Rencontrer Dieu, le toucher dans un acte d’extase totale. D’un bout à l’autre de l’Orient les hommes ont développé à partir de l’Islam une doctrine spirituelle, le soufisme, qui mêle tolérance, art et spiritualité. Une doctrine aux multiples couleurs qui a su s’adapter aux cultures et aux coutumes. Sa puissance créatrice chez certains artistes mène à de véritables chefs d’œuvre musicaux. Des chants religieux que l’on nomme inshad, interprétés par des munshid. Une nuit exceptionnelle se prépare dans la salle des concerts de la Cité de la Musique.
Vêtus de blanc, droits, les uns derrière les autres, les Mourides sénégalais s’avancent sur la scène et s’installent en cercle. Assis sur des tapis, ils récitent les poésies chantées de Cheikh Amadou Bamba. C’est sous son impulsion que le Mouridisme vit le jour au Sénégal à la fin du 19 ème siècle. Les munshid chantent en cœur les louanges au Puissant. Les voix se répondent, s’entrechoquent, des invocations à Allah viennent ponctuer les échanges. Les disciples se relèvent et forment un nouveau cercle, tournant autour du chanteur principal. La cérémonie touche à sa fin et les esprits commencent à s’élever.

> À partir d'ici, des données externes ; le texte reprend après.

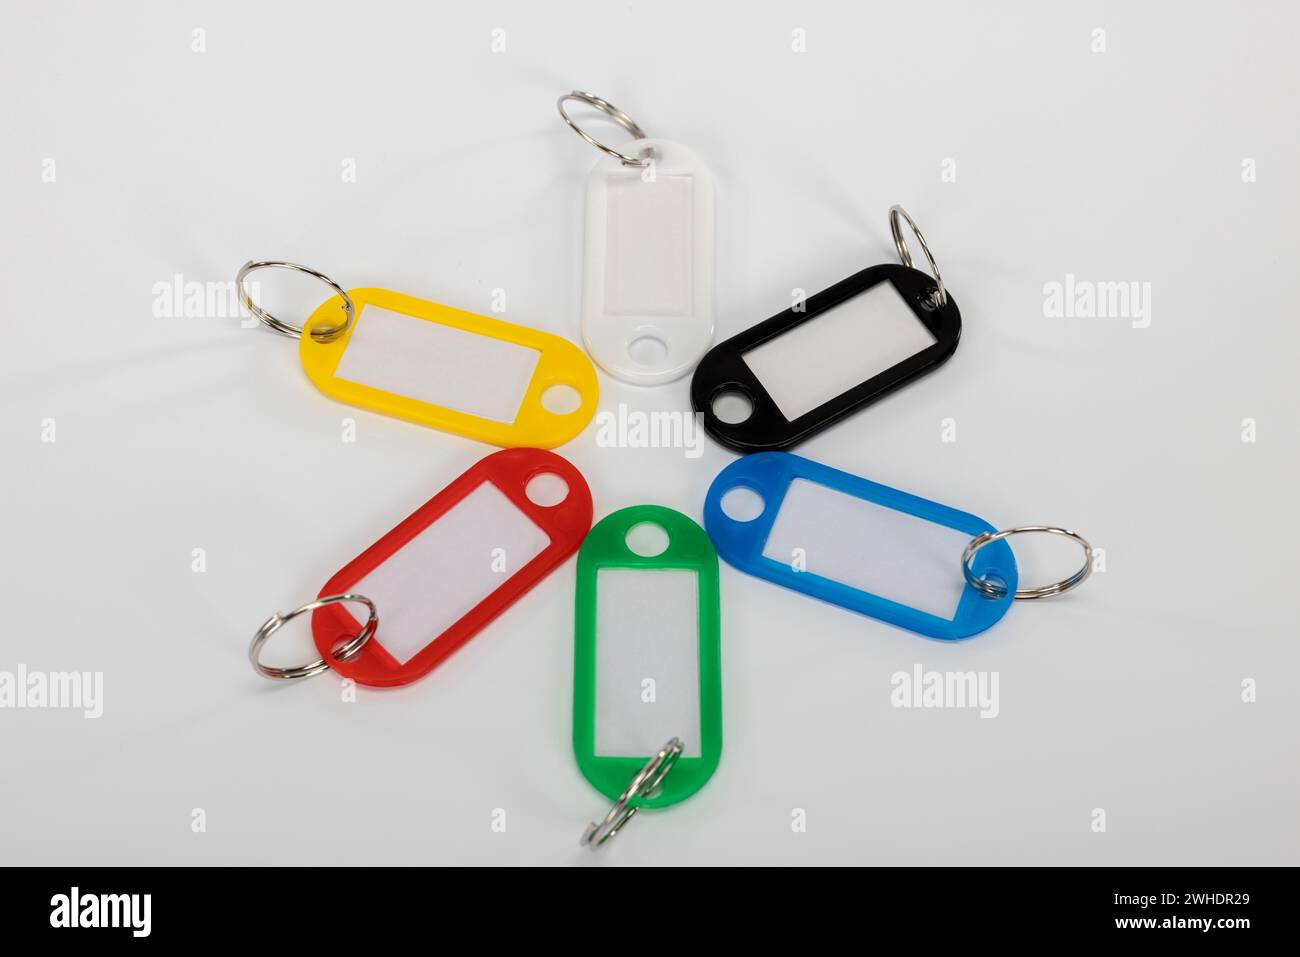 Six plastic key rings with ring, arranged, without lettering, different colors, white background, Stock Photo
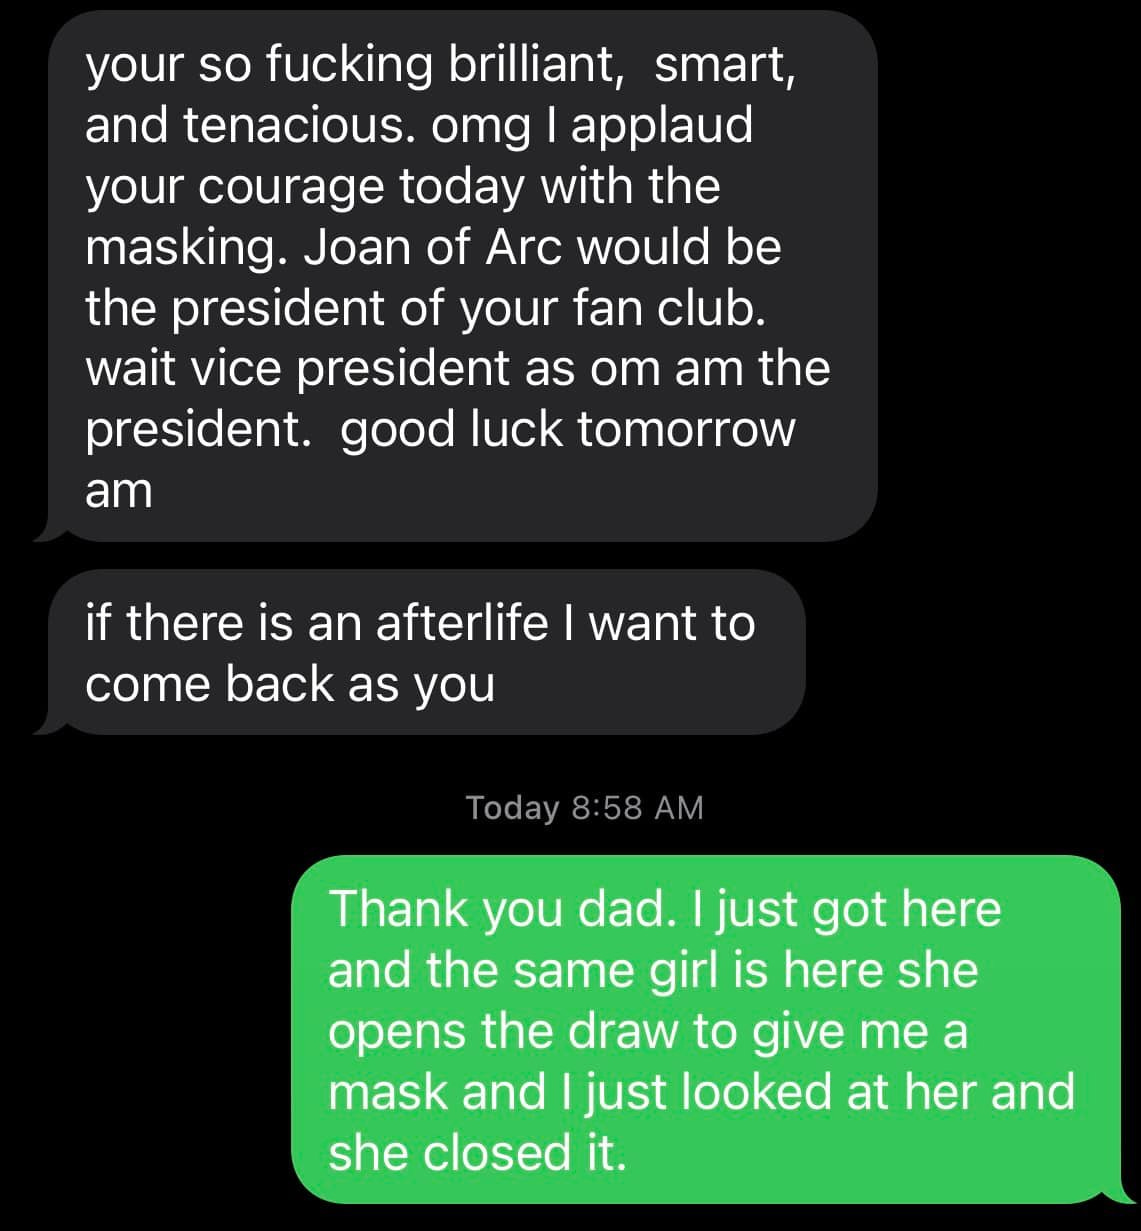 May be an image of text that says 'your so fucking brilliant, smart, and tenacious. omg applaud your courage today with the masking Joan of Arc would be the president of your fan club. wait vice president as om am the president. good luck tomorrow am if there is an afterlife come back as you want to Today 8:58 AM Thank you dad. just got here and the same girl is here she opens the draw to give me a mask and just looked at her and she closed it.'

Le prochain artiste est sans conteste le plus attendu de la soirée. Sheikh Ahmad Al-Tûni est l’un des derniers grands munshid de Haute Egypte et des familles entières sont rivées à leur siège, impatientes. Le ney, flûte traditionnelle, et le oud développent de lentes arabesques attendant le maître. Le sultan Al-Tûni fait son entrée, sa voix rauque et aérienne lance calmement sa récitation. Le derbuka et le reqq attaquent un rythme, le chapelet qu’il tient entre les mains commence à s’agiter, s’approche de son verre, l’hypnose monte. Le verre claque sous ses coups secs et rythmés, le public suit en frappant avec entrain dans ses mains, la voix de Sheikh Ahmad Al-Tûni s’impose puissante, toujours superbe. D’un geste il fait augmenter l’allure, la tension monte encore d’un cran, certaines spectatrices aimeraient s’arracher des fauteuils pour danser. Puis il baisse doucement pour permettre au public de reprendre ses esprits et s’en va sous les applaudissements. Un départ qui prépare à la finesse de l’art afghan.
Mir Fakr al-Din Agha, de la confrérie Qaderiya de Mazar Shariff, s’installe face au public entouré de cinq disciples. La longue barbe blanche qui orne son visage lui donne un air sage et sévère. La psalmodie débute, des invocations y répondent, un des jeunes chanteurs sanglote, la sensibilité et la précision des chants afghans touchent au plus profond de l’être. La pression est présente au long de la cérémonie. Les larmes pourraient être de tristesse ou de joie, elles ont surtout rapport à la transe. Le cœur s’ouvre, l’esprit s’envole et les réactions se font instinctives. Lorsque le dhikr commence – moment où le nom d’Allah est répété dans un souffle violent et rythmé – les hommes se mettent à faire balancer leurs corps. Le sentiment de gravité laisse place à un élan presque chaleureux. Tandis que les chanteurs saluent, les spectateurs se rendent compte qu’ils viennent de vivre une expérience exceptionnelle.
La tension des chants afghans contraste avec l’apparence joyeuse du qawwali de Asif Ali Khan and Party. Les musiciens frappent dans leurs mains, le dolak maintient un rythme soutenu, les harmoniums posent l’ambiance et les voix virevoltent, propageant amour et joie. La gestuelle propre au qawwali ajoute à cet effet de chaleur, Asif Ali Khan lançant ses bras vers le ciel en même temps qu’il chante une phrase. Cette interprétation des chants traditionnels vient joliment conclure une nuit de beauté et de transe.